Investigating Instana Metrics with Jupyter

Today I want to take you through a journey of investigating metrics provided by Instana’s REST API. The code samples and outputs will be from a Jupyter notebook.

Requirements

Of course, to really follow along with the examples, you will need to be a customer of Instana, so you can query for metrics. Hopefully this will be useful as an example for those who do not use Instana though.

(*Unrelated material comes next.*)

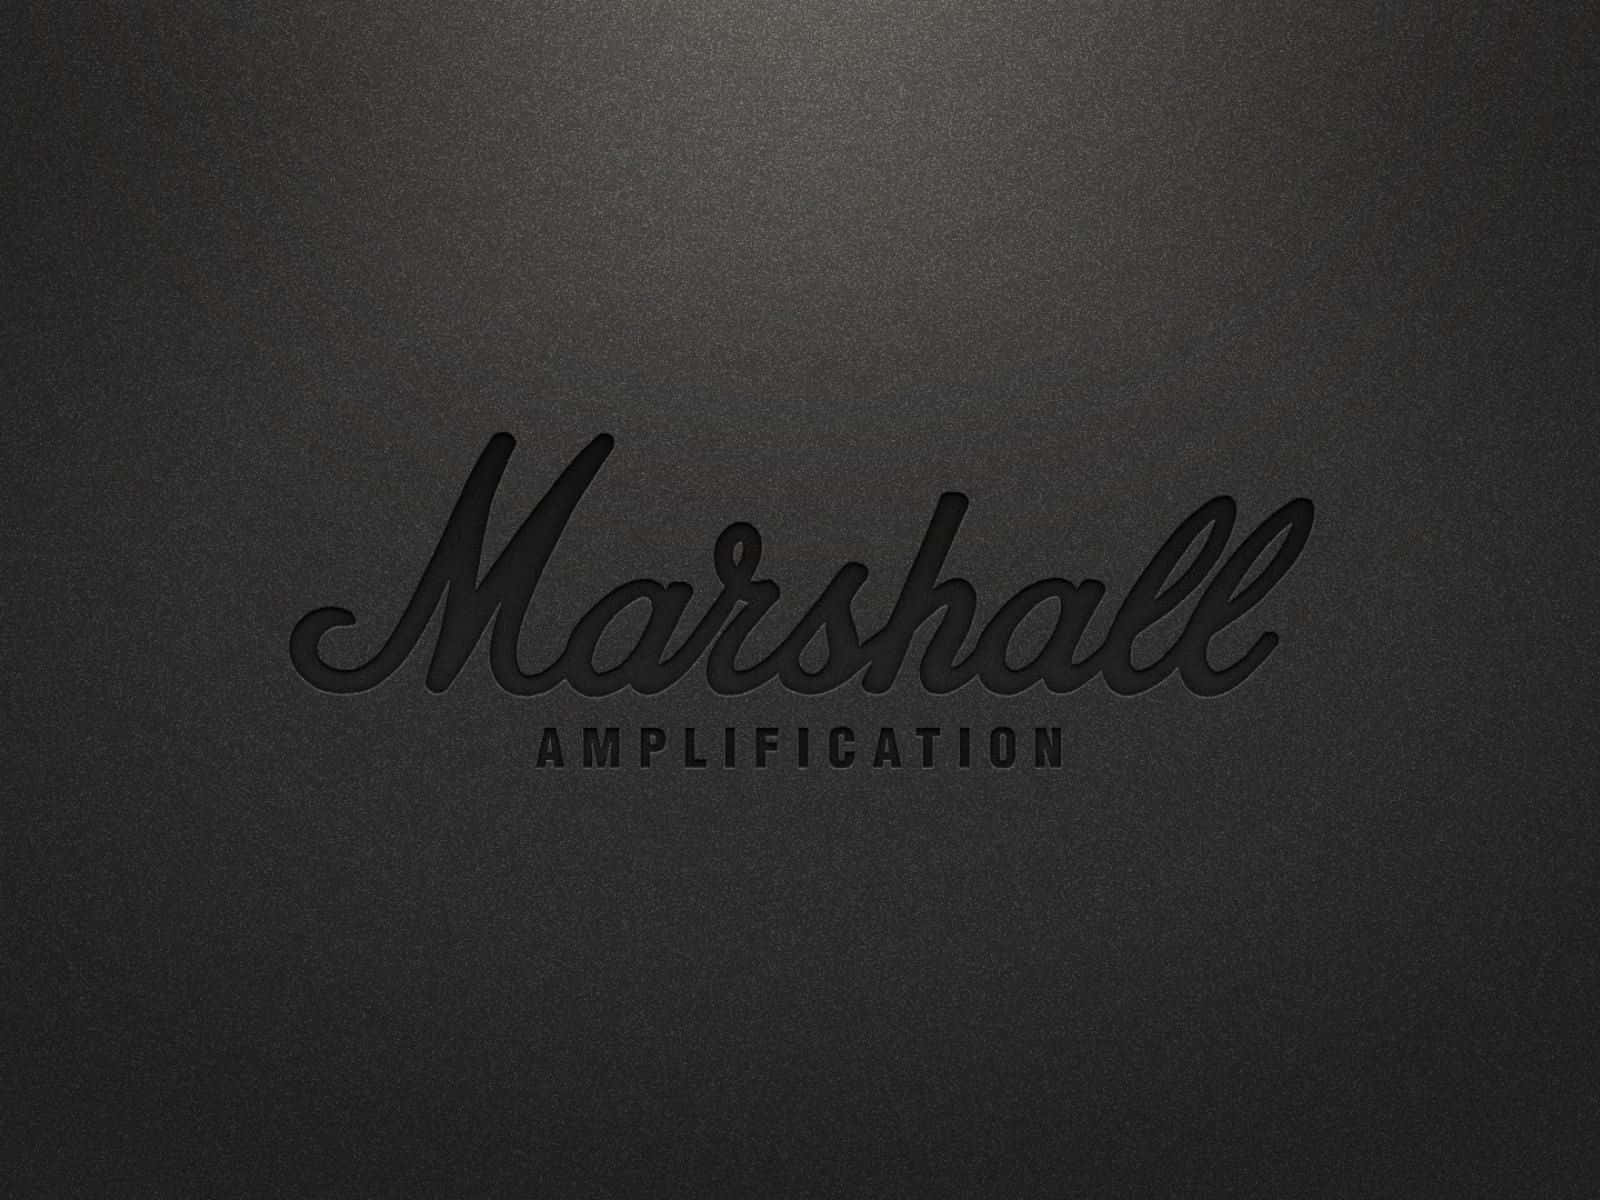 Logotipode La Aplicación De Marshall En Un Fondo Negro Fondo de pantalla

We will use Python in the notebook, and we will use requests and plotly dependencies. The examples are based on Python 3.

import requests

session = requests.Session()
instana_tenant = '<your-tenant>'
instana_api_key = '<your-api-key>'
session.url = f'https://{instana_tenant}.instana.io'
session.headers = {'authorization': f'apiToken {instana_api_key}', 'content-type': 'application/json', 'accept': 'application/json'}

Instana Timeframe

Instana works by starting at some timestamp, and looking back in time. So you need to define the timestamp and windowSize to look back into.

  windowSize           to
     (ms)       (unix-timestamp)
<----------------------|

You can also specify a rollup, for the granularity of data you see. Keep in mind the data retention policies when looking back in time.

to defaults to current timestamp if you set it to None.

There is no restriction on the windowSize, but Instana will only return 600 data points per call, so you need to adjust the windowSize and rollup accordingly.

For example, if you have windowSize set to 1 hour, the most accurate rollup you can have is 5 seconds.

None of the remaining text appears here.